Skip to main content

Brainspace

FAQs: CMML or Predictive Coding Workflow?

Note

Due to prior partner commitments and industry changes, as of Release 6.7 clients will no longer be able to create new Predictive Coding sessions. Existing Predictive coding sessions are not disabled, they can continue to be used in the near term. It is highly recommended that clients use CMML with ACS as a replacement for PC.

Debates over which supervised learning workflow is "best" are common, particularly in the e-discovery community, with enthusiasts using ever higher numbers (TAR 2.0, TAR 3.0, Predictive Coding 4.0,...) in an attempt to convey progress.  The truth is that different workflows are appropriate for different needs.

The following are are some frequently asked questions when choosing between the CMML and PC workflows in Brainspace:

Q: Will predictive coding be used to cull a dataset prior to a later review phase, or is the goal to find the documents of interest during iterative training and review?

A: Either type of workflow may be used for culling.
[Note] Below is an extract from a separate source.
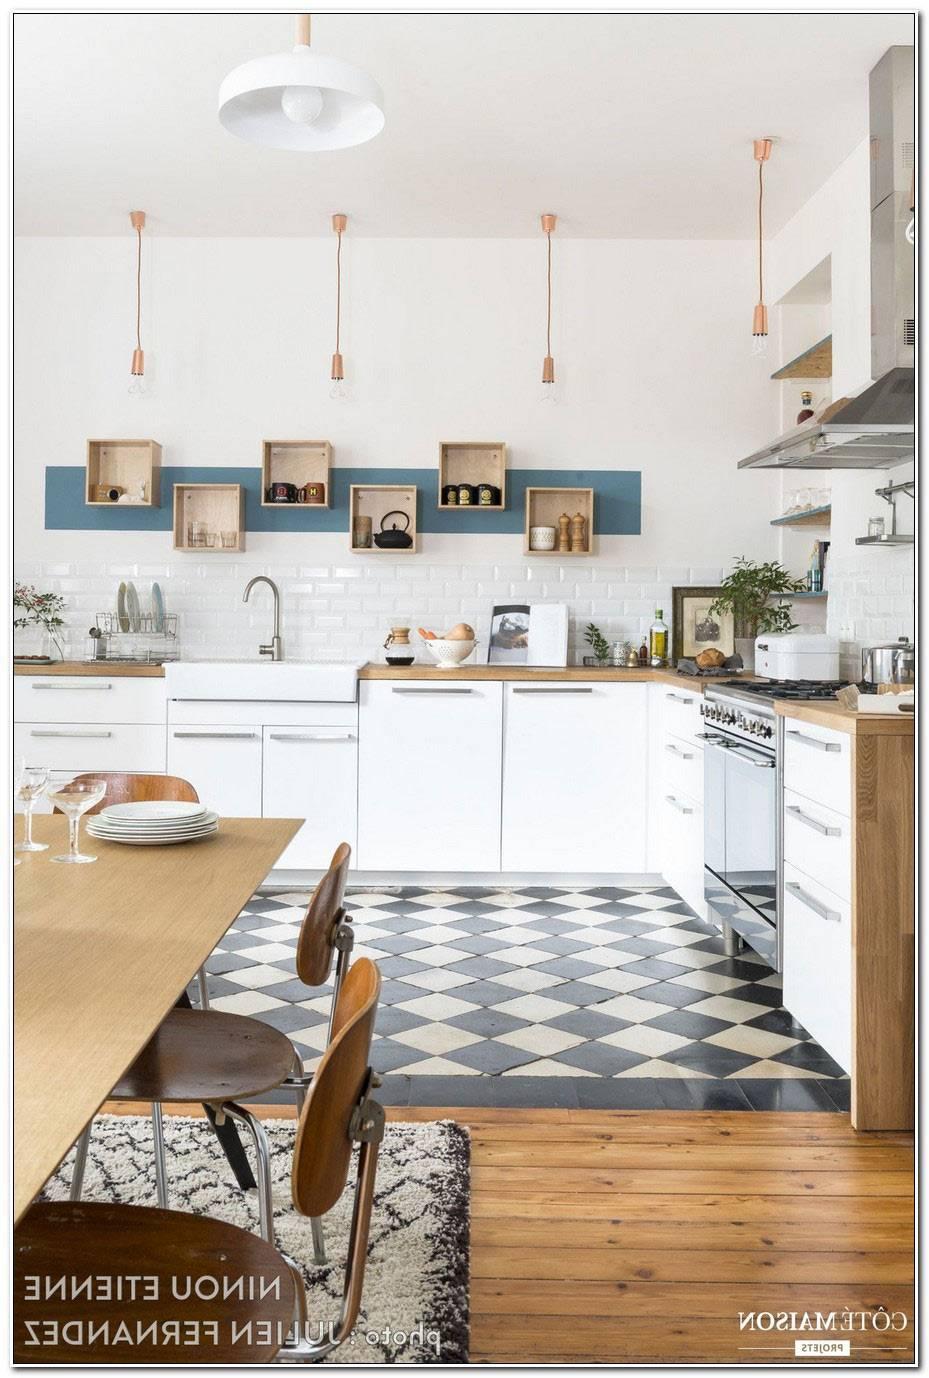 Cuisine Moderne Maison Bourgeoise

CMML is ideal for workflows where the goal is to find documents of interest as quickly as possible.  

Q: Are statistical estimates of the recall, precision, and other measures of effectiveness of the predictive model needed as part of the reporting on the predictive coding process?
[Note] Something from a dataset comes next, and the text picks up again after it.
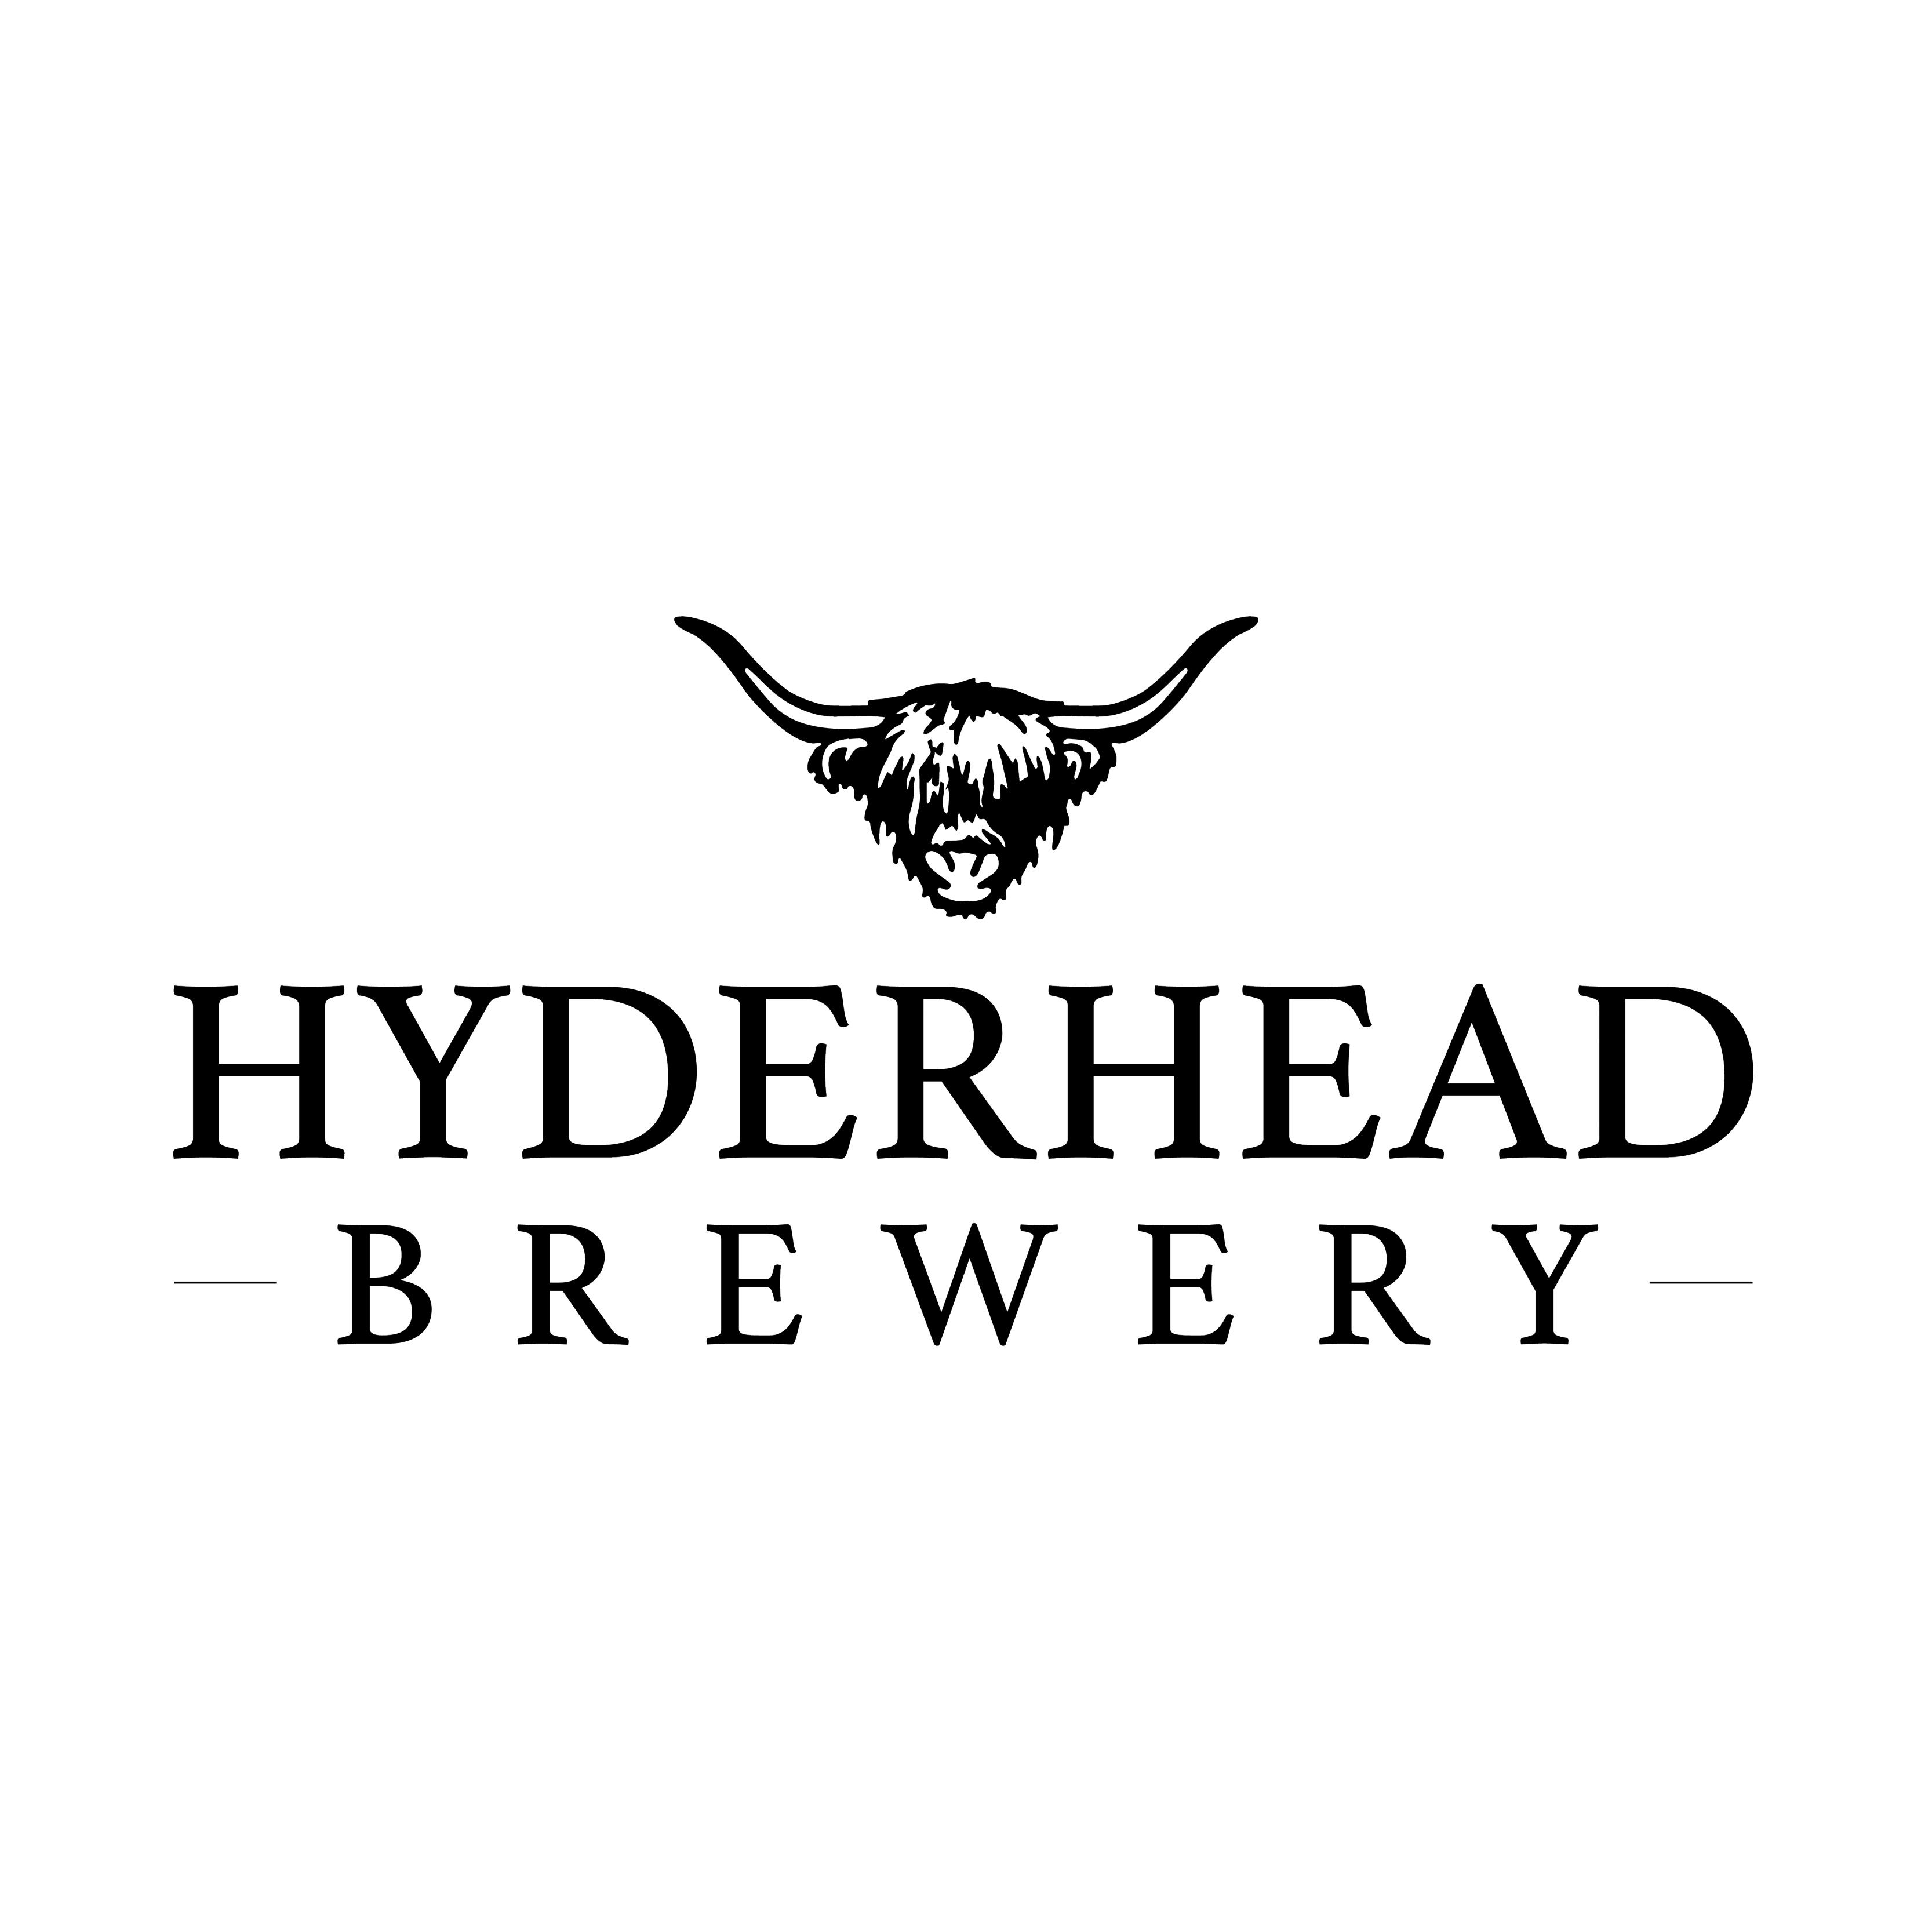 HyderHead Brewery

A: If so, a PC workflow is more appropriate.

Q: Is a statistical estimate needed of how many documents of interest were not found during training?
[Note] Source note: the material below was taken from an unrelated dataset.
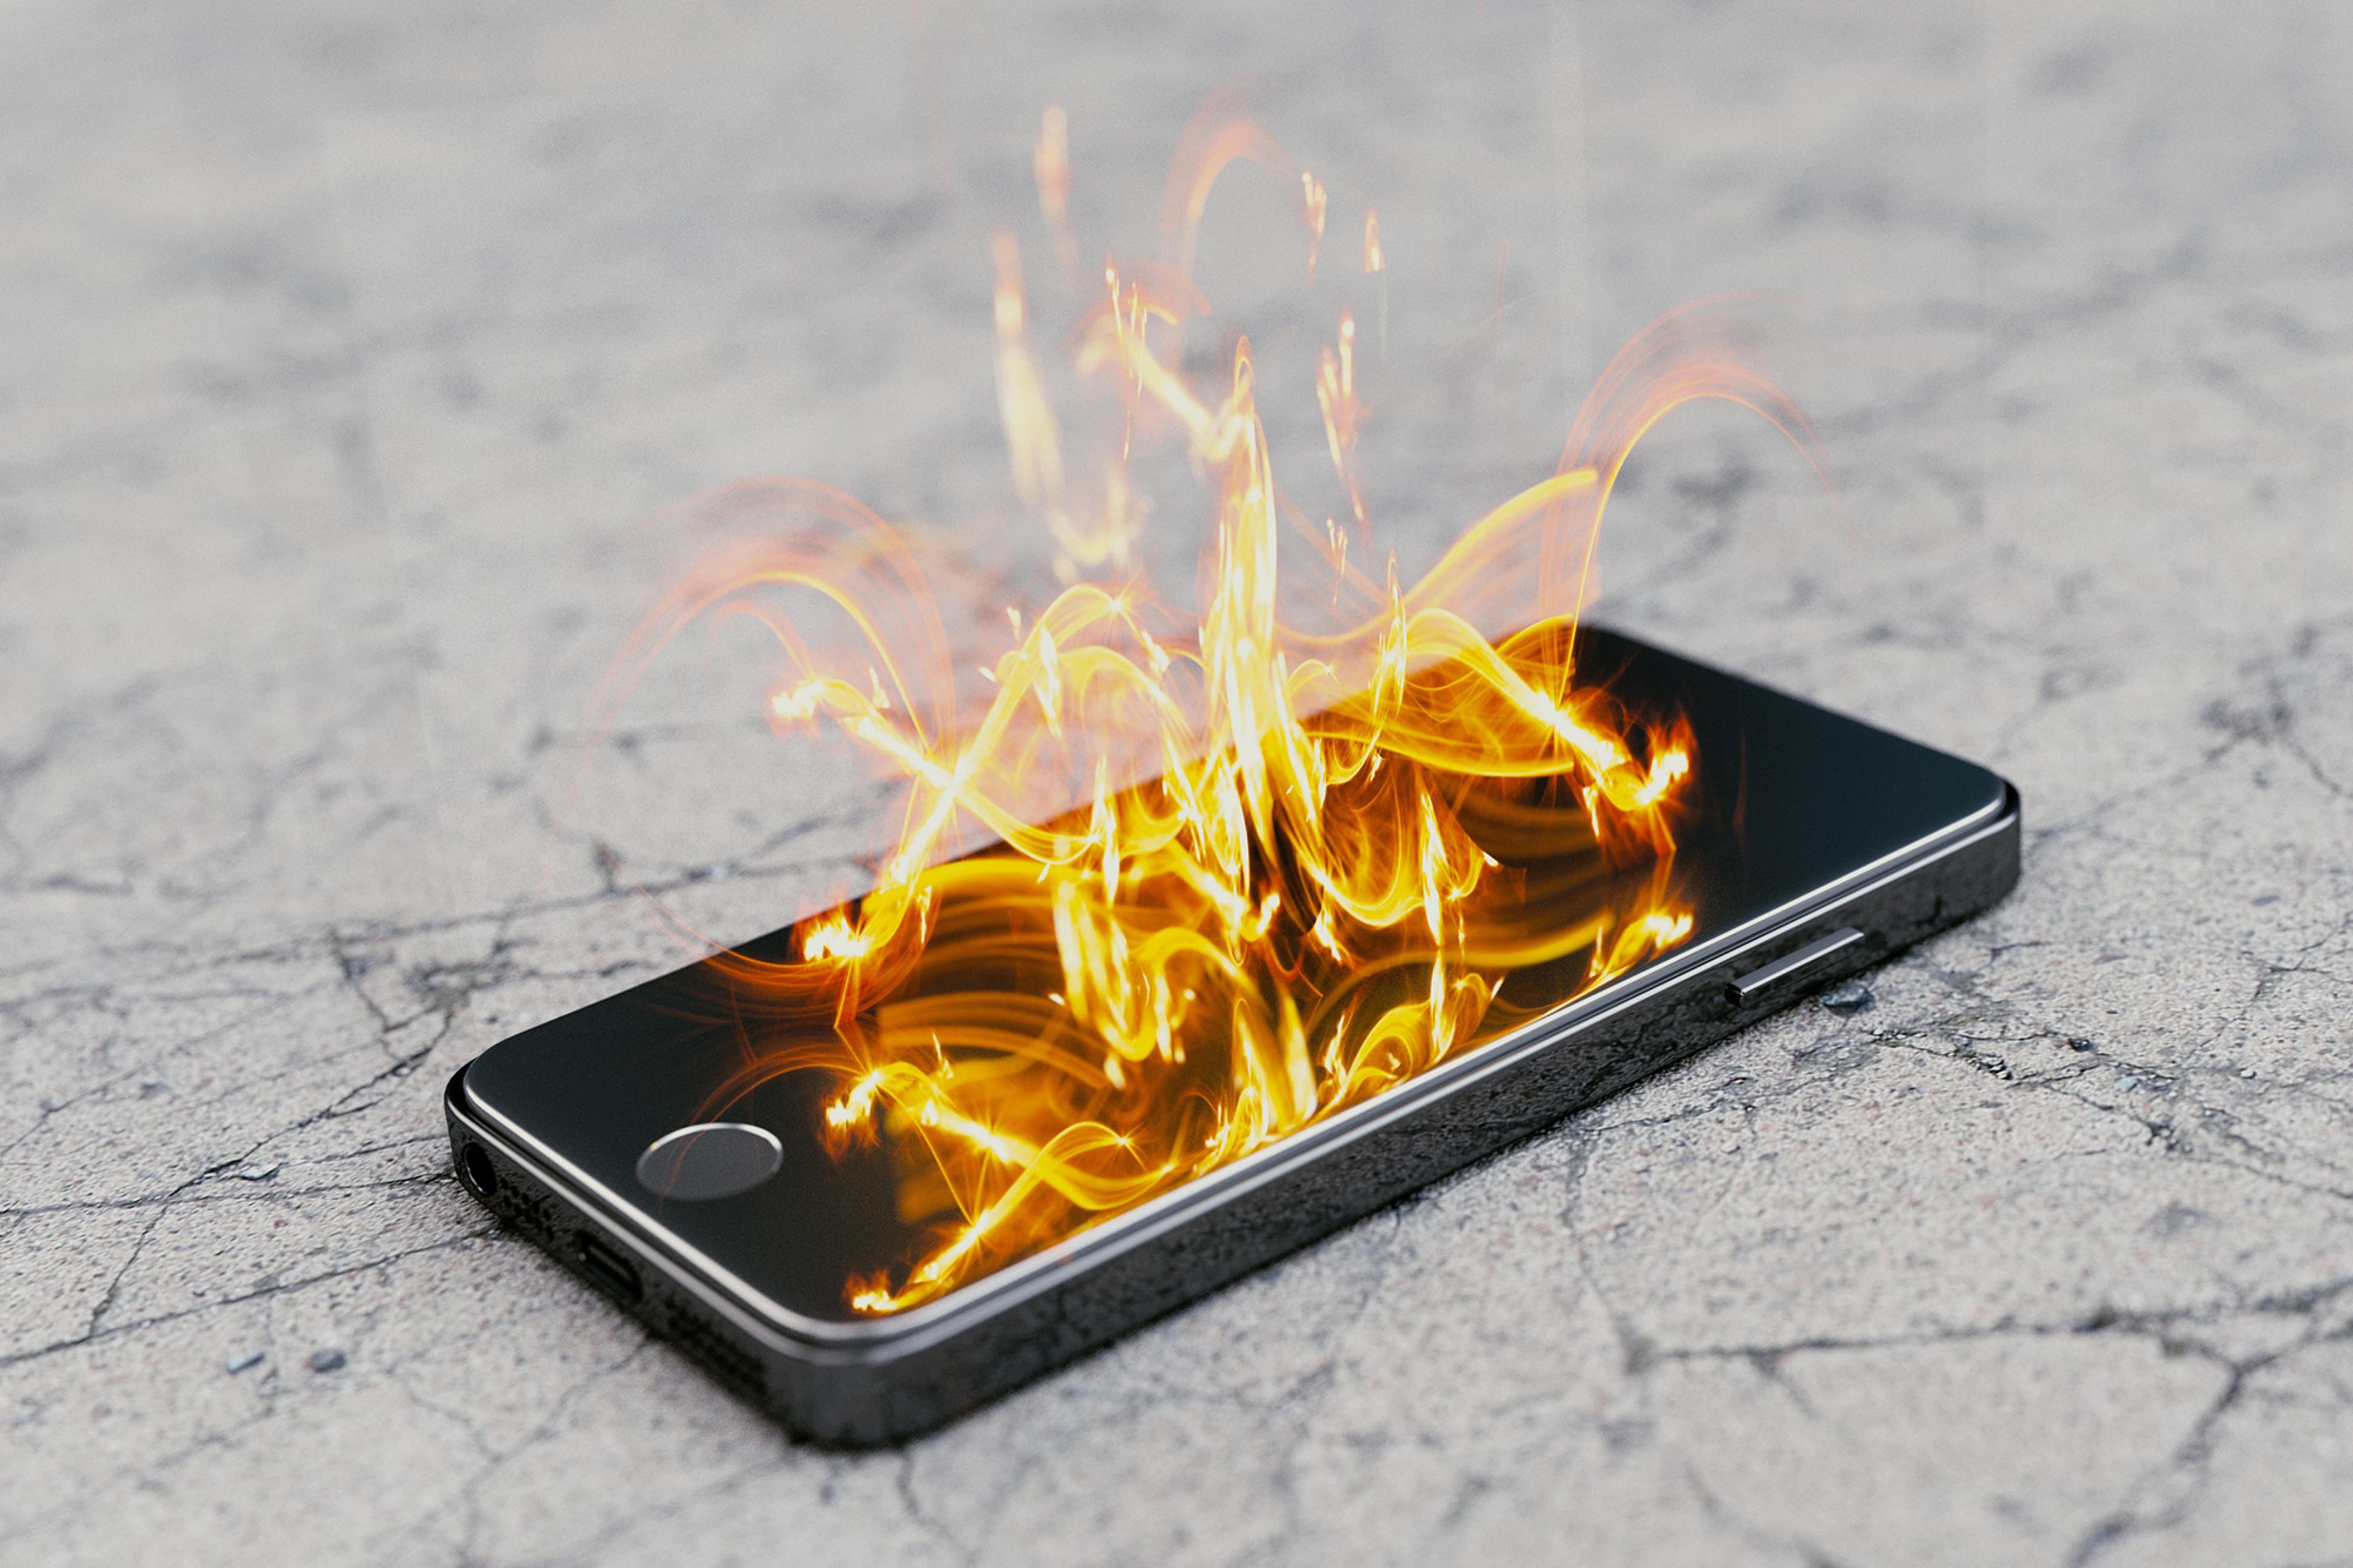 Vì sao điện thoại bị nóng khi không sử dụng? Cách khắc phục như thế nào? - Ảnh 1.

A: If so, a CMML workflow may be more appropriate.

Q: Is it desired to use all review documents for training?

A: A CMML workflow does not distinguish between review and training, and so is most natural when this is desired.

Q: Is the total number of target documents, and/or the proportion of target documents, very low?

A: If so, using a Control Set may be impractical. While a dummy Control Set may be used with a PC workflow, a CMML workflow is often preferable in this case.

Q: Is an iterative relevance feedback (training on top-ranked documents) approach to training desired?

A: This can be done in either workflow, but is easier in a CMML workflow.

Q: Is it desired to simultaneously train predictive models for several different topics?

A: This is only supported for CMML workflows.

Q: Is the topic of interest expected to evolve as documents are examined during training?

A: A CMML workflow makes it easier to change the coding of documents, remove documents from training, and flexibly pursue an evolving information need.

Q: Is it desired to a use a predictive model in combination with other analytics tools (for instance, to view top score documents on the cluster wheel)?

A: This is much simpler in a CMML workflow.